Missed out on our AGM last month? We’ve got you covered with recordings of the two presentations shared during The Stove’s Annual Gathering. First up, a review of the past 12 months from Matt Baker (Orchestrator) and Katharine Wheeler (Partnerships and Development), featuring (approximate!) closed captions:

The second presentation looks forward to the year ahead, from Martin O’Neill (Artistic Director).

Also as part of our AGM we hosted a series of short members conversations reflecting on some of the key findings from our membership survey carried out last year.

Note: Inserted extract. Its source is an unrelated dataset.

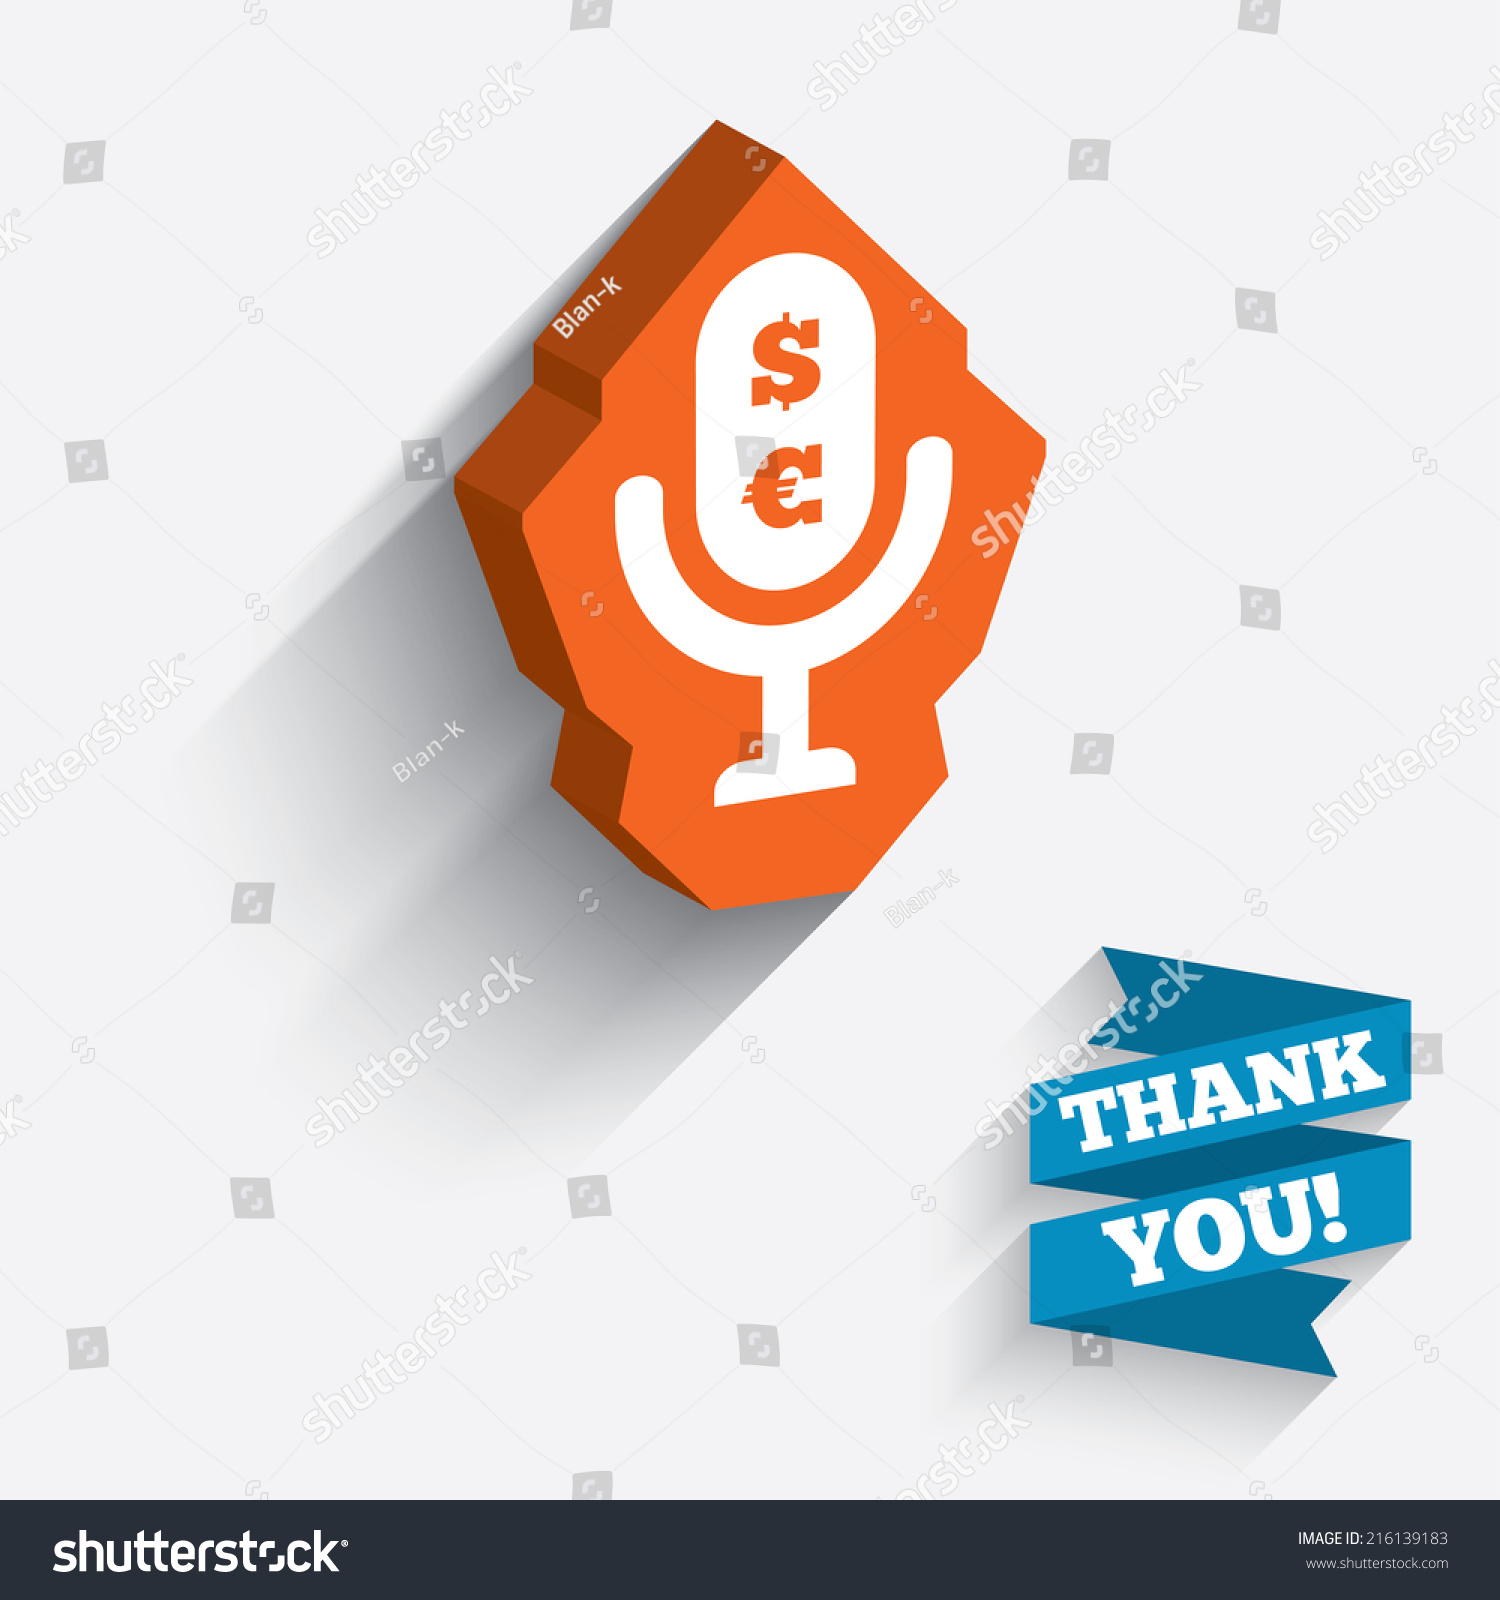 Beautiful Speaker Symbol Component - Wiring Diagram Ideas - blogitia.com

We wanted to take the opportunity to share some of the ideas that came out of these five really interesting sessions.

  • a creative exploration of night time culture
  • a debating club
  • a debating club for Disabled Access
  • Digital recording of live events at The Stove to allow more inclusion for audiences who can’t attend in person
  • More making spaces – we need to move from attics to aircraft hangers to realise our potential
  • Signposting good practice nationally and internationally in social/community arts
  • Digital recording of live events at The Stove to allow more inclusion for audiences who can’t attend in person
  • Use technology to reach across distance
  • Make a statue of Ailsa in Fountain Square
  • Stove learning: Don’t just tell people stuff, support them with the means to do it themselves
  • Access to IT skills development and recording of activities
  • See our towns and villages in D+G as mini-cultural hubs Its good for Stove to be more regional, but don’t forget about Dumfries, there is still a lot of work to be done doon hame
  • Analysis of the population in comparison to our current engagement reach – elderly inclusion 
  • Intergenerational working  particularly within the medium of movement
  • ‘Access to Choice’ – diversity in how to access events and activity
  • bringing in Community Learning and Development expertise available locally into the Stove team
  • grow ‘night-time culture’ in the town centre
  • bring some of the ‘positives’ discovered during the past year into future activity 

There were loads of brilliant conversations between the 75 attendees, and we were sorry to not have longer to open up the space to hear from friends, members and Stove supporters after such a long period away from the Stove building, but hope that we can continue these soon!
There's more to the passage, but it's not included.